PITTSBURG, Kan. — Pittsburg Community Schools Board of Education held an emergency meeting Thursday to discuss changes to their back-to-school plan as the first “real” semester since the pandemic hit comes to a close.  

“Since we have been in school, we have learned a lot of lessons,” Superintendent Richard Proffitt said.  

The changes centered around students that elect to do virtual learning instead of in-person. According to Proffitt, for the fall 2020 semester, USD 250’s administration basically let anyone who wanted to, be a virtual learner.  

“When we went into this year, we just allowed pretty much anybody to say, ‘hey I want to go remote,’” Proffitt said. “When we look at this revised plan the remote learning is going to be looked at differently.” 

Students who want to be remote learners will have to apply and if they meet certain criteria, they will be allowed to be remote.  

“The school district has an obligation to make sure that academic progress is being made,” Proffitt said. “And the district also has the obligation of placing those kids in an environment where they believe they are going to be the most successful.” 

The administration will be considering a student’s attendance and grades from the fall 2020 semester among a few other factors when determining whether a student will be allowed to be a remote learner.  

“If a student and/or family applies that application will be reviewed and if that student has shown some positive progress, and they’ve shown that they can handle remote learning, then that remote status will be granted,” Proffitt said. “The other students who really need that extra care and to be in-seat will be designated as an on-site learner because we have that obligation of making sure we are educating those kids.”  

The board has discussed at previous meetings the issues facing teachers and staff in regards to remote learners, and the board has been looking for solutions for months. The major concern the district has is the number of students who are remote that have completely checked out and have not engaged at all since August.   

“We had a number of students at the different levels, and probably more at the secondary buildings than any other that were just not engaging and that was a huge concern,” Proffit said.  

According to Assistant Superintendent Brad Hanson, roughly 15 percent of remote students have not been participating or engaging in school at all this semester.  

Profitt said he hopes this change will address the issue, and get kids and families reinvested in education.  

“We have an obligation,” he said.  

The board agreed with the changes and passed the plan unanimously 7-0.  

“We need some accountability for these remote learners that are not engaging,” Board Member Jason Grotheer said. “We need to be able to go back to these people and say ‘listen this just not working out. It's not good for our system. It's not good for you as a person.
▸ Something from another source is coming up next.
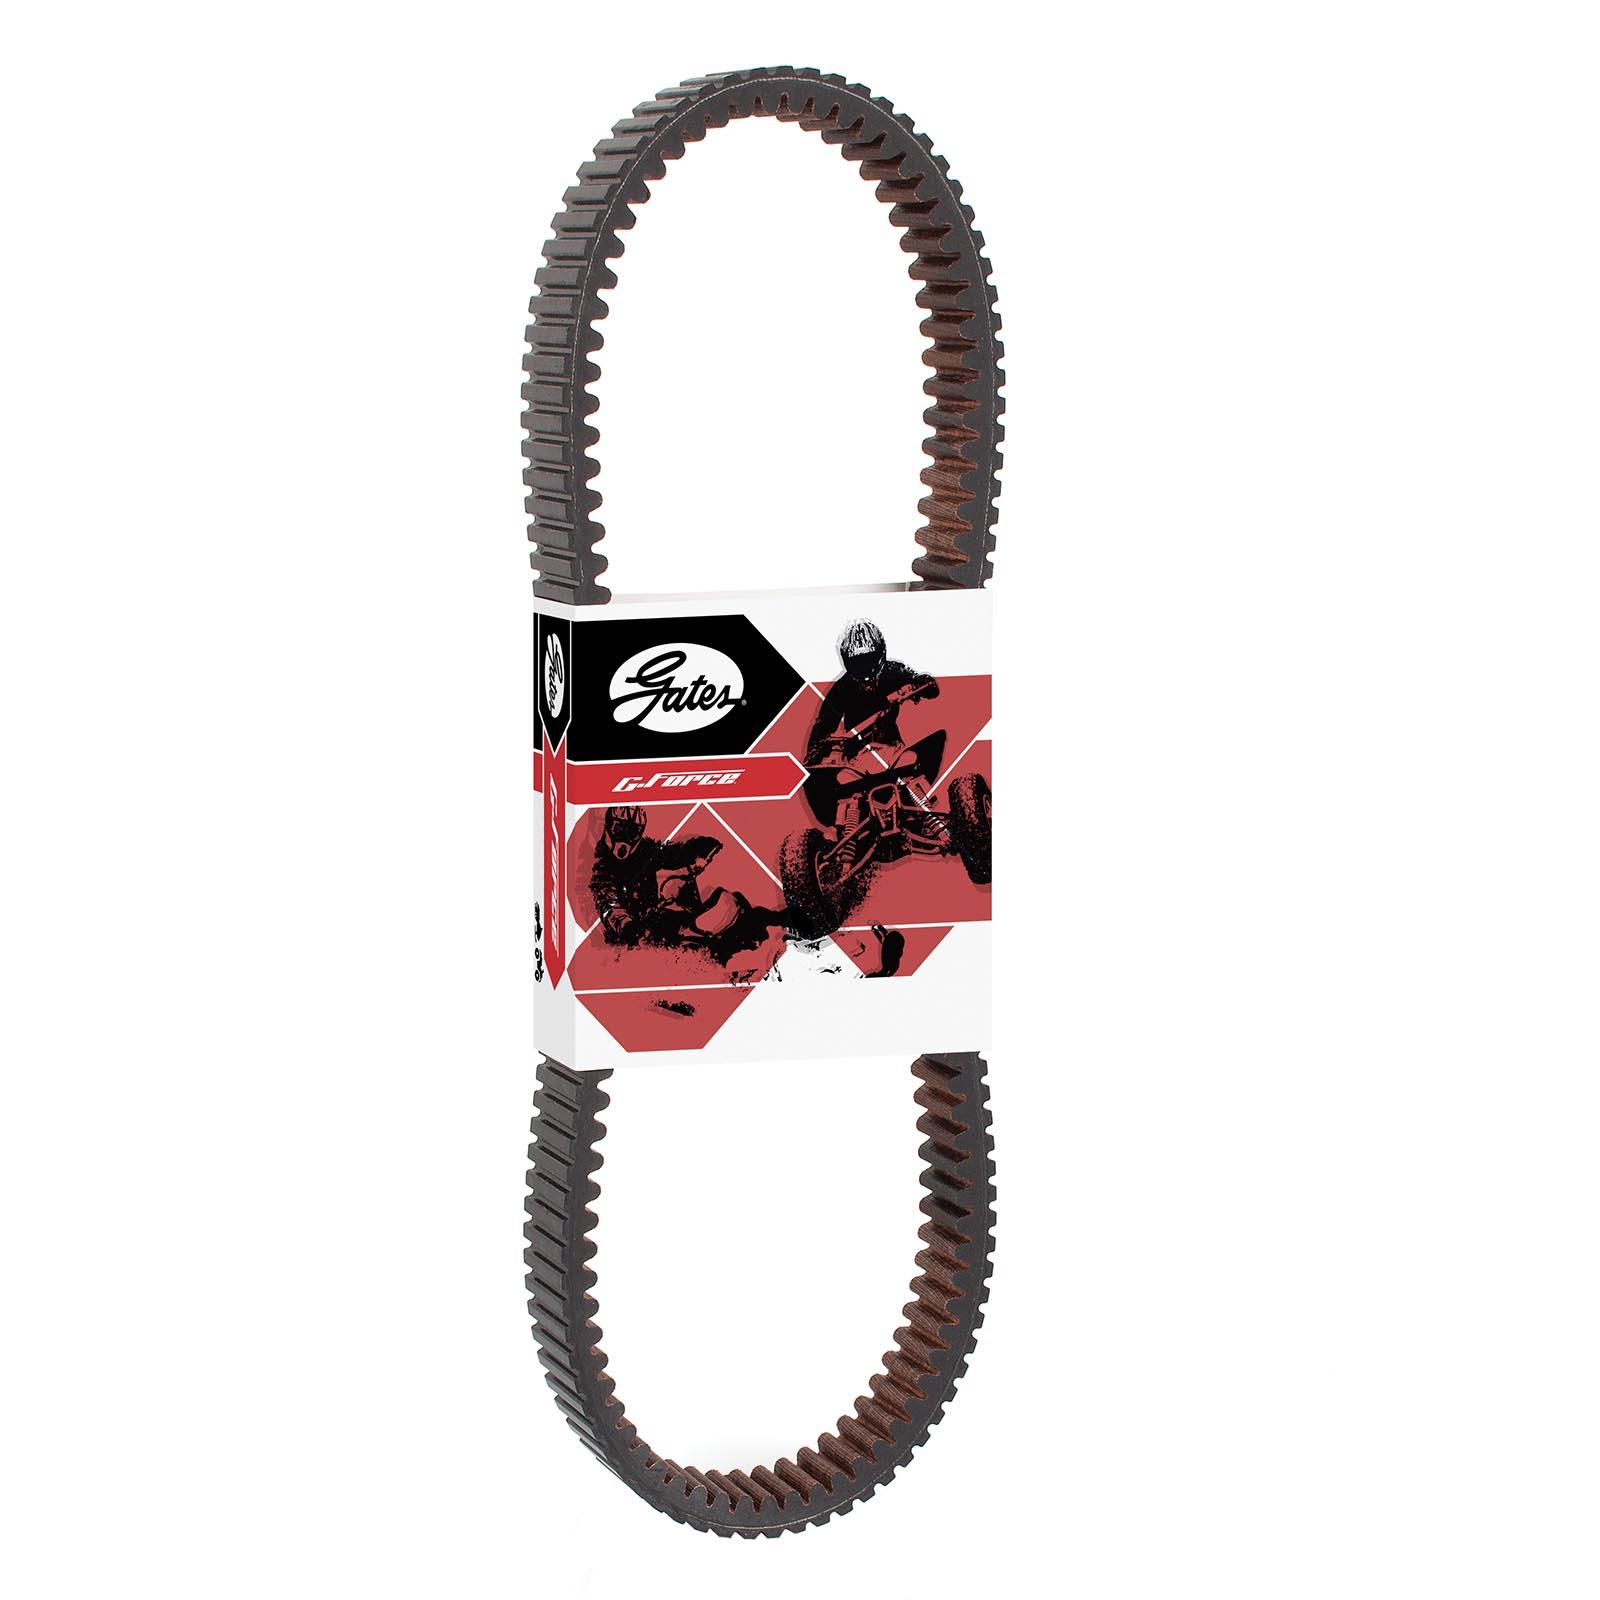 Gates 30C3750 G-Force C12 Carbon Cord Belt Can-Am Ref 420280360 UA446 XTX2236
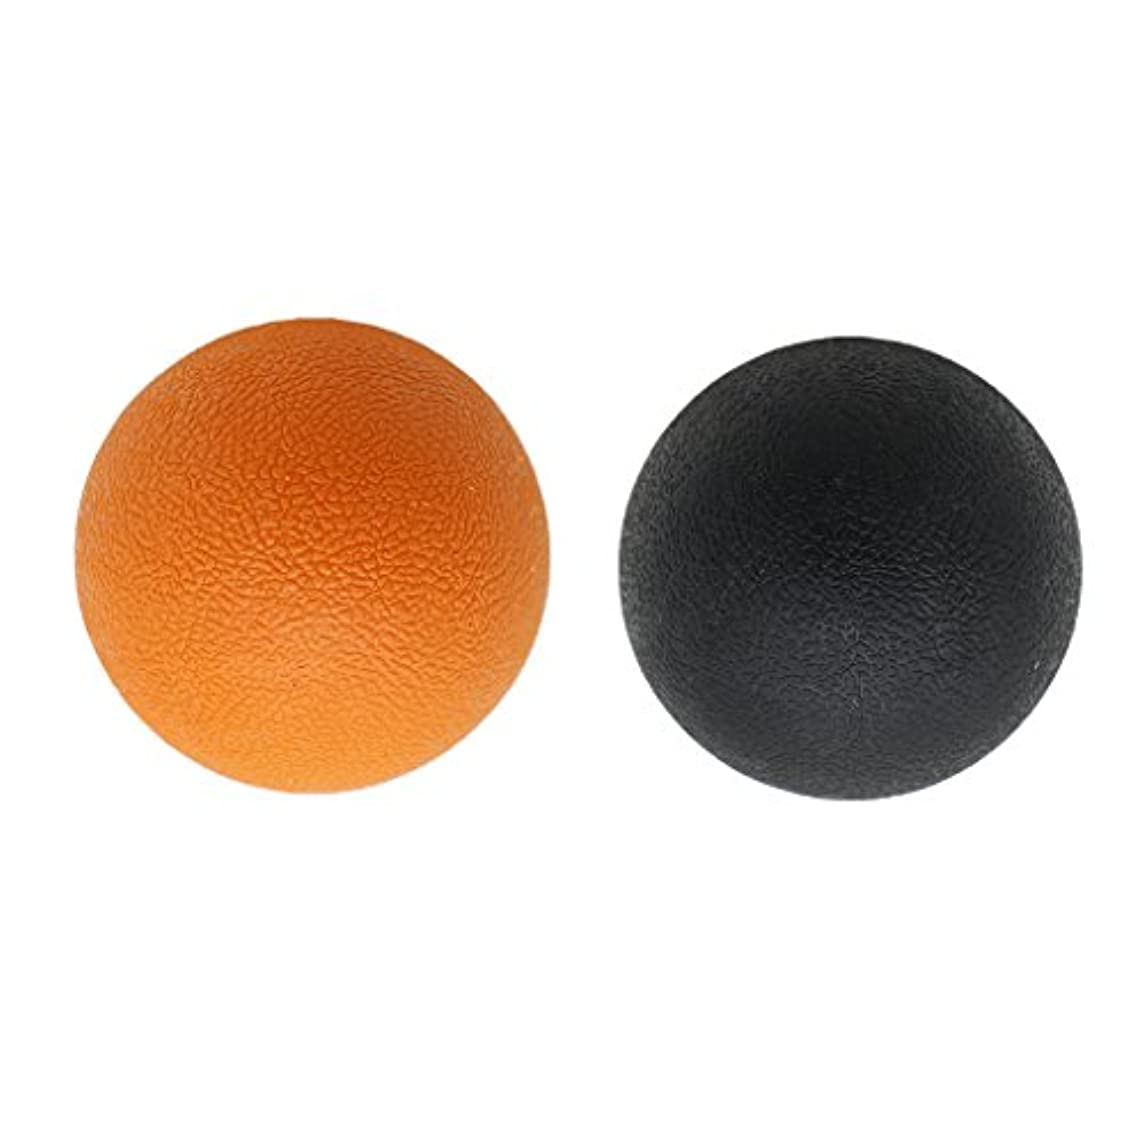 歌詞正直肖像画Baoblaze 2個 マッサージボール ラクロスボール トリガ ポイントマッサージ 弾性TPE 多色選べる - オレンジブラック

It's not good for you as a future graduate.’”  

Applications for remote learning next semester will go out on Monday, Nov. 23 and will close Dec. 11. Proffitt said administrators will release their decision by Dec. 18, the last day of the semester.  

“If we are going to get this going, we need to give our families plenty of time to apply,” Proffitt said. “And we need plenty of time for us to respond.”  

Proffitt said he recognizes people may be upset by this change, but highlighted that no student with a verifiable underlying health condition will be forced to be in-person, and those students will be automatically granted remote learning privileges.  

“We are not going to put those students into harm's way,” he said.  

But even with those concerns, Proffitt said that the district has continued to do a great job at eliminating community spread within the schools, and even Crawford County Public Health Officer Dr. Tim Stebbins agrees.  

"We can tell you we still think that we're safe in the K-12 schools,” Stebbins said at the County Commission meeting on Friday. “We've talked with the administrators as recently as yesterday. The isolation and quarantine cases still are not the main concern in that we're not concerned about transmission within the schools. Our concern is the logistics of managing the school overall and the illness' effects on the schools in that respect."